Clearly, the zeitgeist currently dominating educational reform in much of the western world needs to be corrected. Policy-makers can facilitate this correction by enhancing the salience of classroom-based assessment data for accountability purposes. Interestingly, research has shown how classroom assessment data has been successfully integrated for standards-based accountability purposes in pockets of the United States, England, and Australia (Wilson, 2004). Thus, classroom assessment should be an integral part of an overall accountability framework so that this information is integrated, not isolated, from other forms
of student assessment information.

Jurisdictions must develop data-integrated decision-making systems that utilise multiple forms of student assessment data to inform classroom, school, and district planning. In doing so, they provide the public with a more comprehensive approach to assessing school improvement and are well positioned to respond to the complex demands of the 21st century.

This research was funded by the Social Sciences and Humanities Research Council of Canada (SSHRC).

References
Black, P. & William, D. (1998). Inside the black box: Raising standards through classroom assessment. Phi Delta Kappan, 80(2), 139–48.

Black, P., & Wiliam, D. (2005). Lessons from around the world: How policies, politics and cultures constrain and afford assessment practices. The Curriculum Journal 16 (2), 249–261.

Crooks, T. J. (1988). The impact of classroom evaluation practices on students. Review of Educational Research, 58 (4), 438–481.

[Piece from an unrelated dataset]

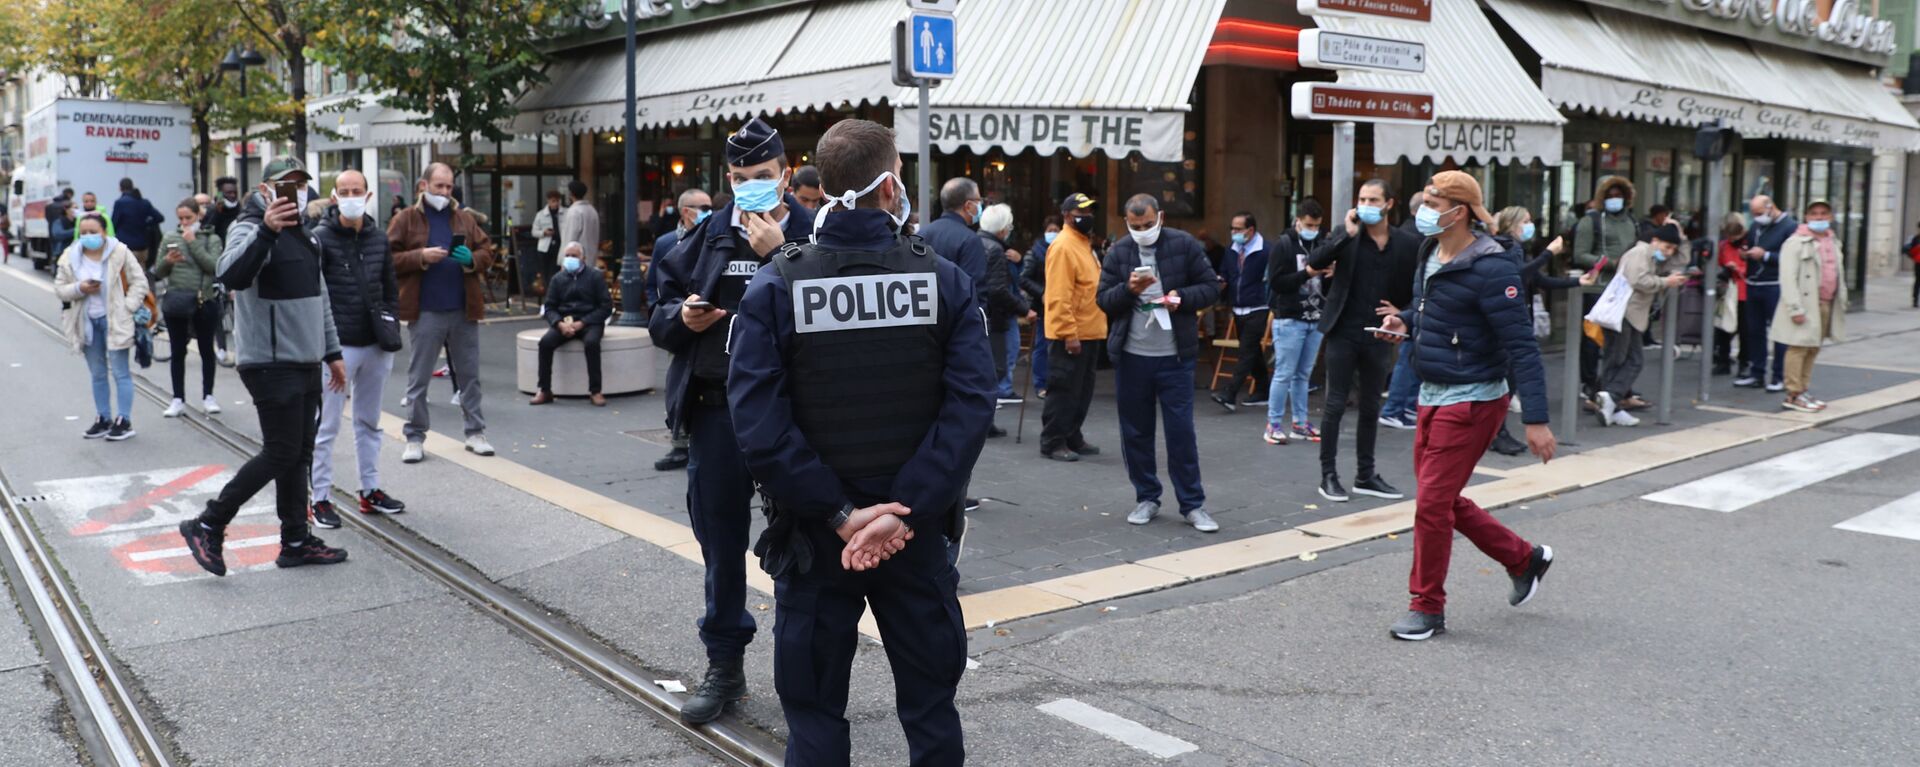  الشرطة الفرنسية في موقع هجوم طعن بالسكين أمام كاتدرائية نوتردام في مدينة نيس، فرنسا 29 أكتوبر 2020 - سبوتنيك عربي, 1920, 31.07.2021

Haertel, E., & Herman, J. (2005). A Historical Perspective on Validity: Arguments for Accountability Testing (CSE Report 654). Los Angeles, CA: National Center for Research on Evaluation, Standards, and Student Testing.

Kluger, A. N., & DeNisi, A. (1996). The effects of feedback intervention on performance: A historical review, a meta-analysis, and a preliminary feedback intervention theory. Psychological Bulletin, 119 (2), 254-284.

Natriello, G. (1987). The impact of evaluation processes on students. Educational Psychologist, 22(2), 155–175.

Raudenbush, S. W. (2004). Schooling, Statistics, And Poverty: Can We Measure School Improvement? Princeton, NJ: Educational Testing Service.

Stiggins, R. (2004). New assessment beliefs for a new school mission. Phi Delta Kappan, 86(1), 22–27.
Volante, L. (2006). Reducing bias in classroom assessment and evaluation. Orbit, 36(2), 34–36.

Wilson, M. (Ed.). (2004). Towards coherence between classroom assessment and accountability: 103rd yearbook of the National Society for the Study of Education, Part II. Chicago: University of Chicago Press.